В другое время Гельды остановился бы, прислушался к песне, слова бы мимо ушей не пропустил, а то и сам бы стал подпевать. Но сейчас ему было не до песен.
— Гельды! — услышал он возглас позади.
Оглянулся — в дверях клуба стоял закадычный друг Чары-тракторист. Чары догнал его, взял под руку, потянул в переулок:
— Пойдем скорее!
Гельды удивился:
— Куда ты меня тянешь? Почему ушел, разве собрание уже кончилось?
— Где там! Когда ты видел, чтобы Гюльджемал закруглилась раньше полуночи? Просто я решил взять тебя с собой…
— Куда взять? Куда ты меня тянешь?
— Как куда? К себе. Посидим, побеседуем, пропустим по рюмочке. Для человека в беде нет лучшего утешителя… Вот увидишь, сразу на душе полегчает.
— Нет, если я сейчас выпью, мне станет хуже… — Гельды приостановился, попытался высвободить руку. — Я лучше пойду домой. Хочется побыть одному, подумать… Надо же! В двадцать три года я стал феодалом! Из комсомола исключили!
— Пойдем ко мне, — не отставал Чары. — Хочешь, на дутаре сыграю. А что хорошего ждет тебя дома? Шекер ушла. Одна мать. Да и та небось слезы проливает. Очень весело! Ей-богу, послушай меня, идем!
— Нет. Оставь меня одного… — Гельды с трудом высвободился.
Чары с досадой махнул рукой и вернулся в клуб. Две улицы, узкий переулок… Гельды миновал их. А вот и его дом. Аккуратный домик с верандой… Кажется, матери нет: в окнах темно, веранда тоже не освещена. Поднялся по ступенькам, нащупал в темноте выключатель. Резкий свет ударил в глаза. Огляделся — на столе ужин, в фарфоровом чайнике — чай. Уходя, мать позаботилась о нем.
До еды он не дотронулся, чай пить не стал, закурил и со вздохом опустился на старый диван.
Эх, тяжко! А ведь еще неделю назад жизнь была прекрасна. Беда — как злой ястреб на голову… А все из-за Шекер. Нет, она ни в чем не виновата! Виноват он сам, тряпка…
— Убить меня мало! — с досадой прошептал Гельды и скрипнул зубами.
В том, что случилось, Шекер и впрямь была ни капельки не виновата. Добрая, веселая, она никому в жизни не причинила вреда. Она полюбила Гельды всей душой, доверила ему свою судьбу, свою жизнь, а он не смог оградить ее от неприятностей и обид…
Гельды вернулся из Байрам-Али с дипломом механика-водителя, Шекер же в тот же год окончила среднюю школу. Она не поехала в город учиться дальше, как многие из ее подруг, а надела белый халат и стала дояркой. Когда она, стройная, черноглазая, с косами толщиной в запястье, явилась на ферму, доярки встретили ее с недоверием. Разве такая красавица захочет возиться с коровами? Просто блажь у девчонки.
— Поработает дней пяток, а на шестой сбежит! — предсказывали одни.

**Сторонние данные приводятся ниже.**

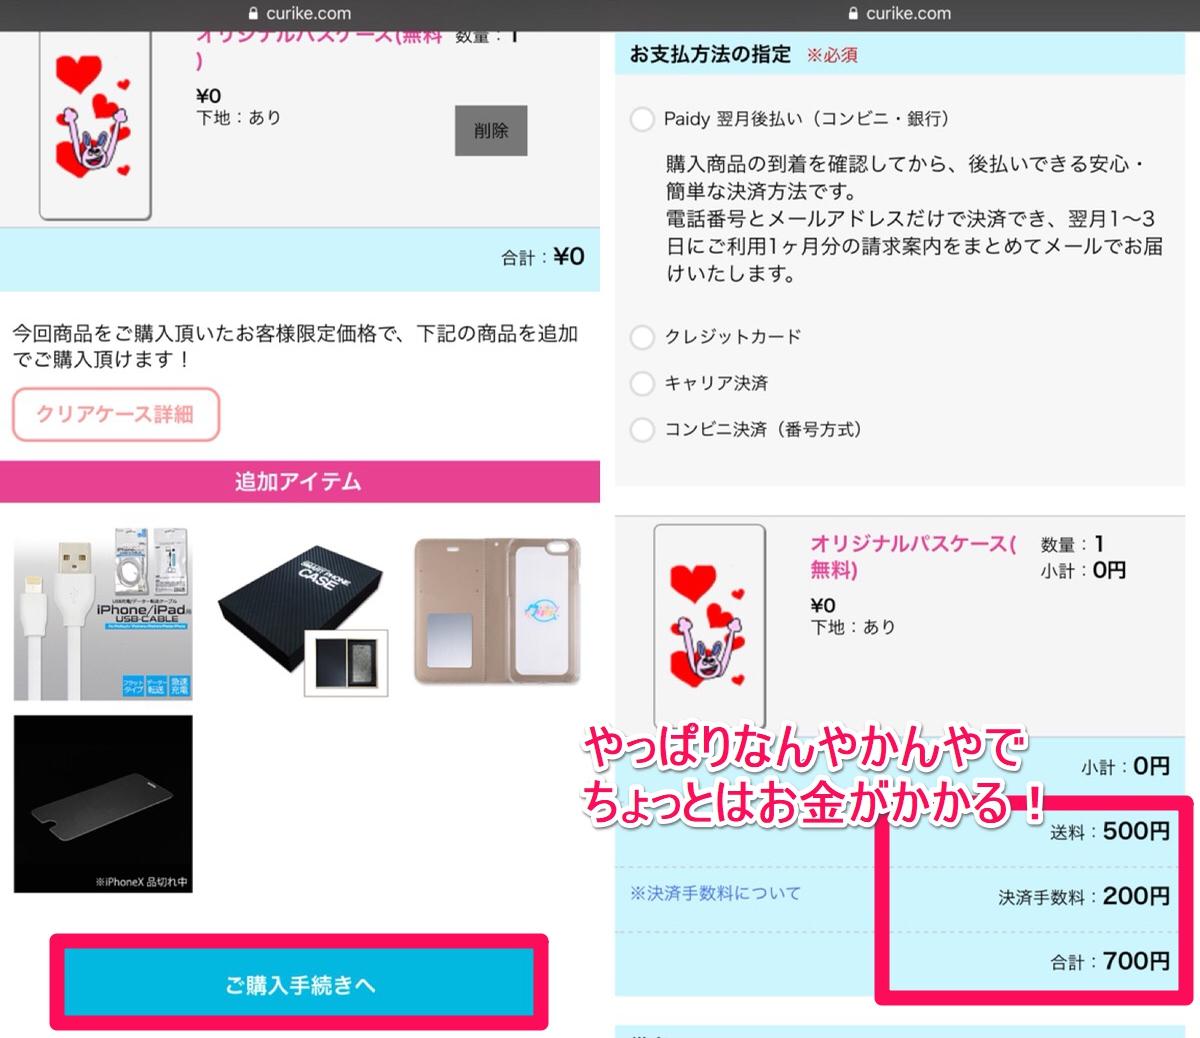 curike(クリケ)の期間限定0円オリジナルパスケースの購入手続き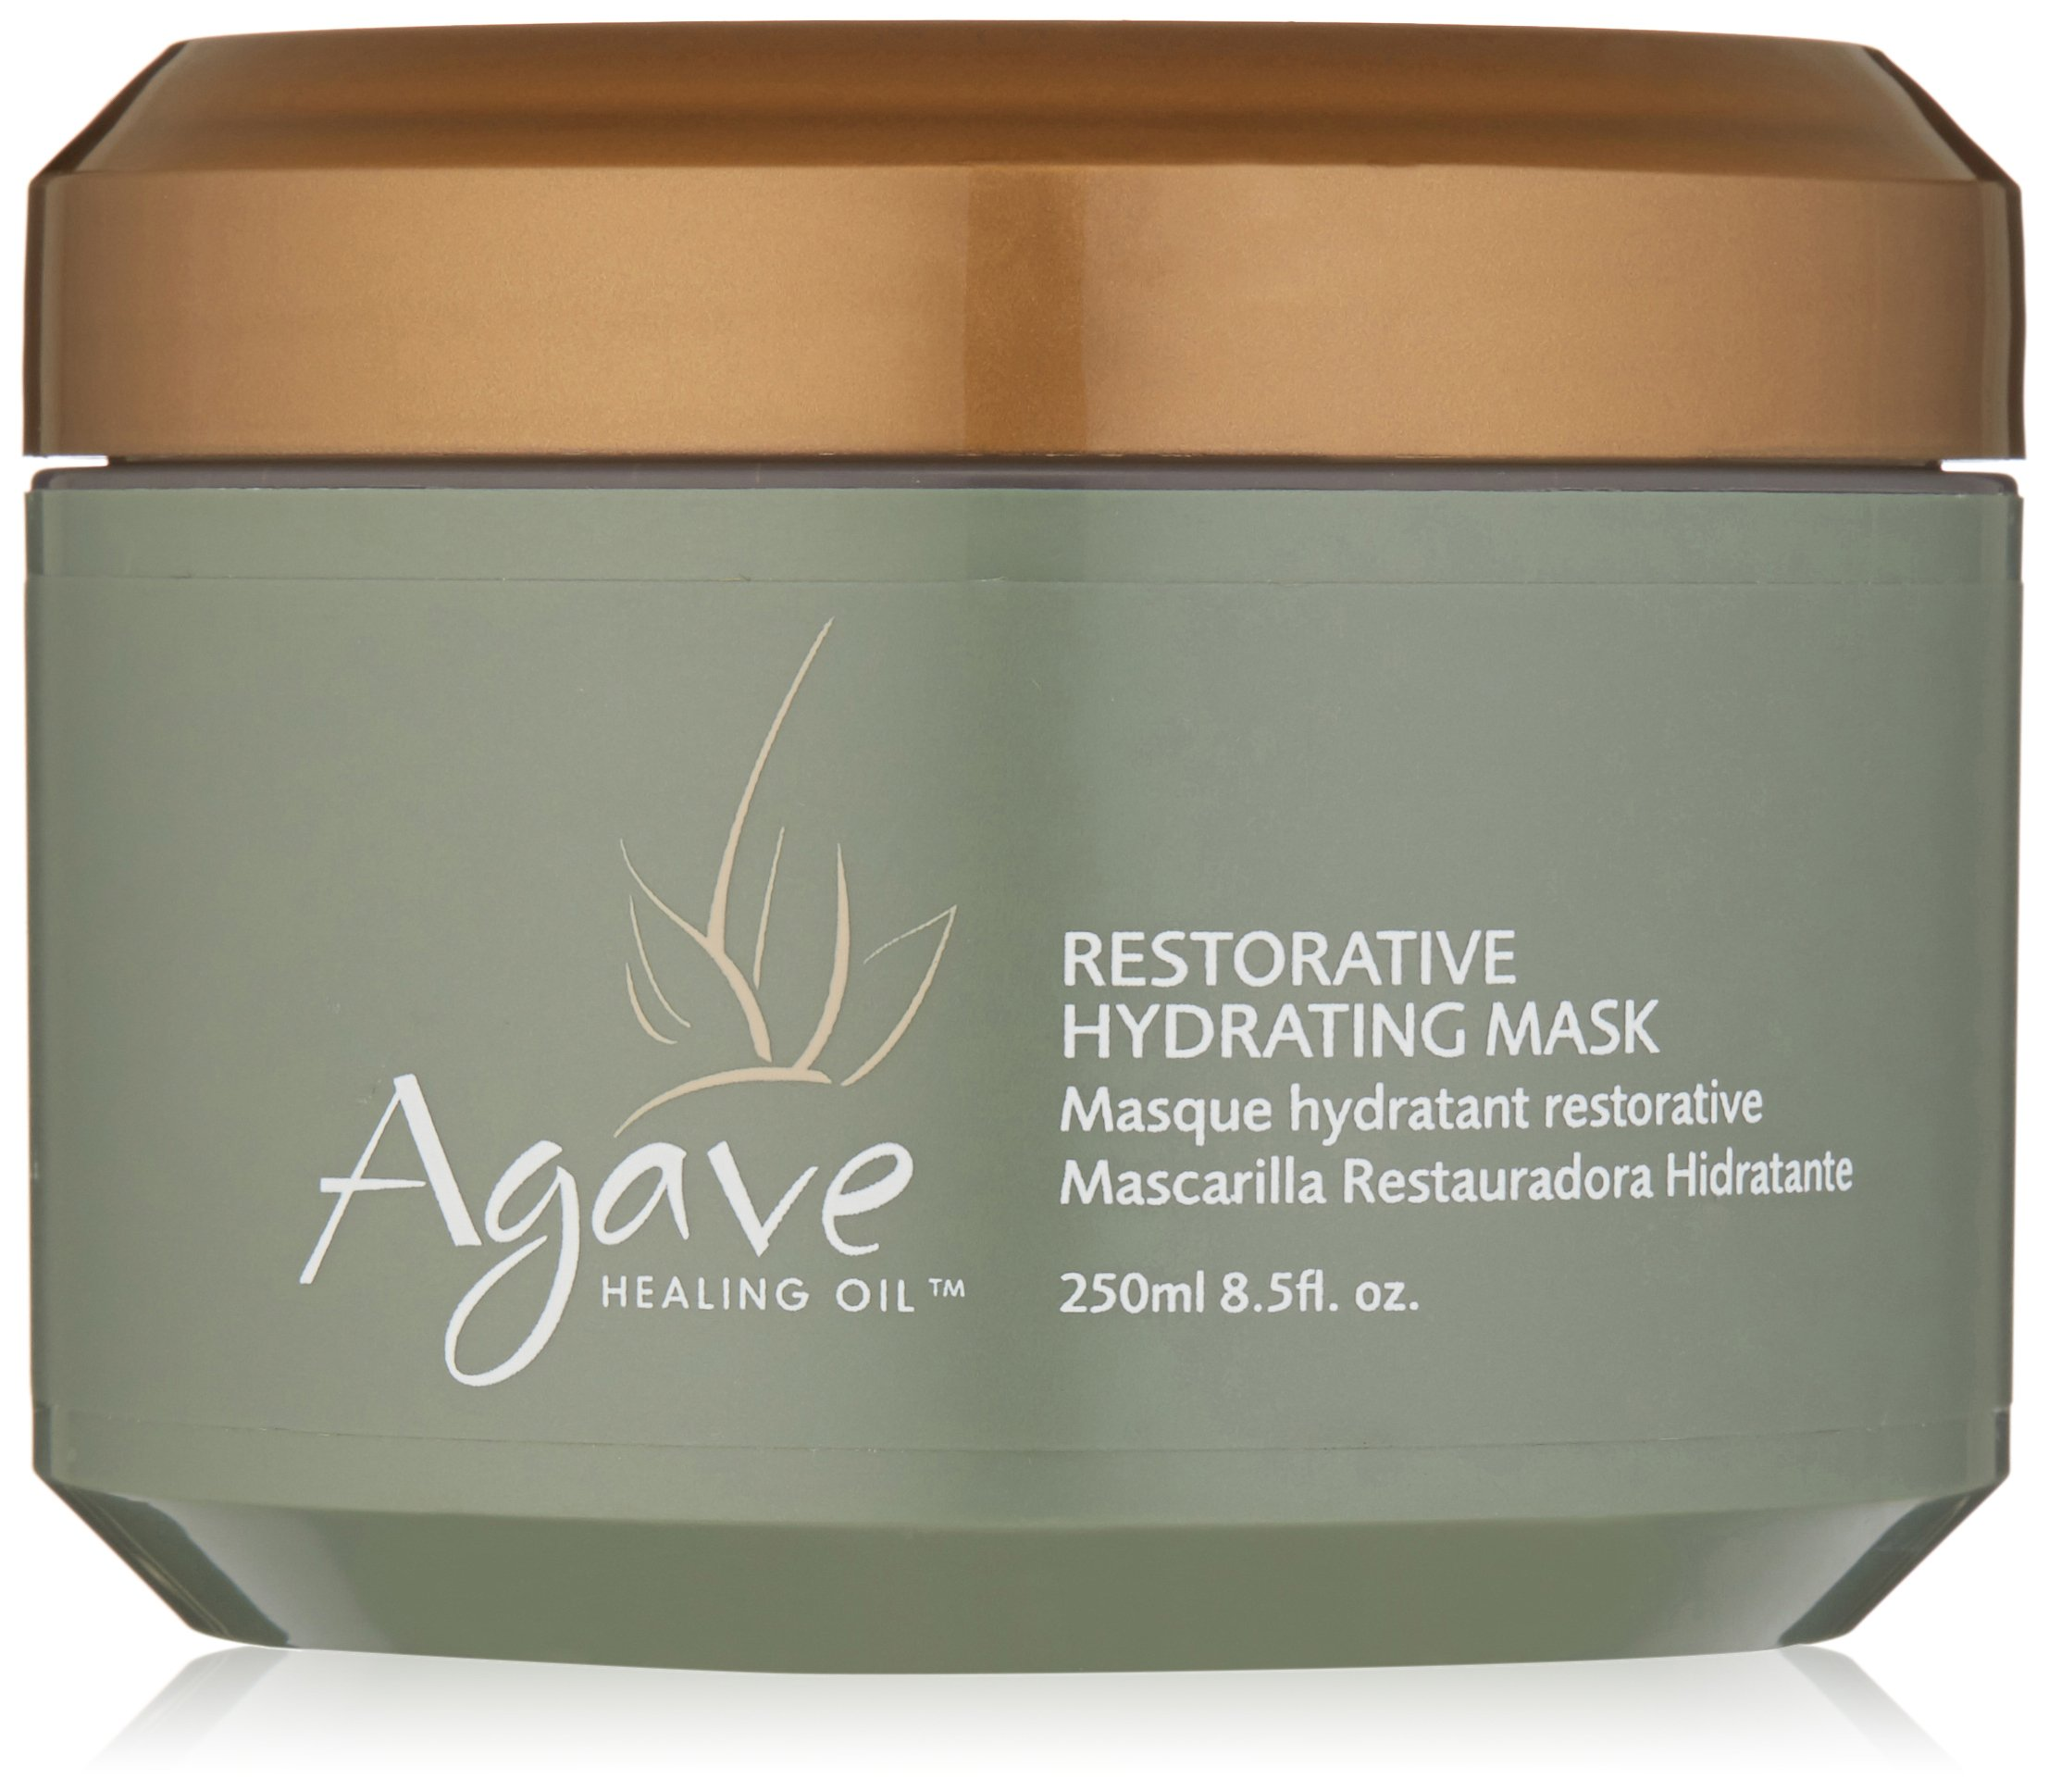 Amazon.com: Agave HEALING OIL Treatment: Luxury Beauty

— Нет, — возражали другие. — Будет стараться изо всех сил, чтобы обогнать нас и получить Героя. Золотую Звезду на груди носить…
Предсказатели ошибались. Просто Шекер была настоящей дочерью своего села. Еще девчонкой она свободное от уроков время проводила на ферме, ухаживала за животными. Разве же не понятно ее решение пойти на ферму дояркой? Возможно, она хотела работать так, чтобы быть примером другим. Она читала книгу по машинной дойке. Возможно даже, она мечтала носить на груди Золотую Звезду. И в этом нет ничего плохого.
Словом, когда Шекер пришла на ферму, за ней закрепили пять коров, а через месяц она уже доила десять. Как же был удивлен заведующий фермой, когда еще через месяц Шекер попросила дать ей двадцать коров.
— Сколько, сколько? — не поверил своим ушам заведующий.
А вскоре Шекер сказала:
— Дайте еще пять.
Заведующий нашел нужным предостеречь ее:
— Хорошо подумала? Справишься? Ведь так и посмешищем стать недолго. Пять лет назад двадцать пять коров доили двадцать пять женщин.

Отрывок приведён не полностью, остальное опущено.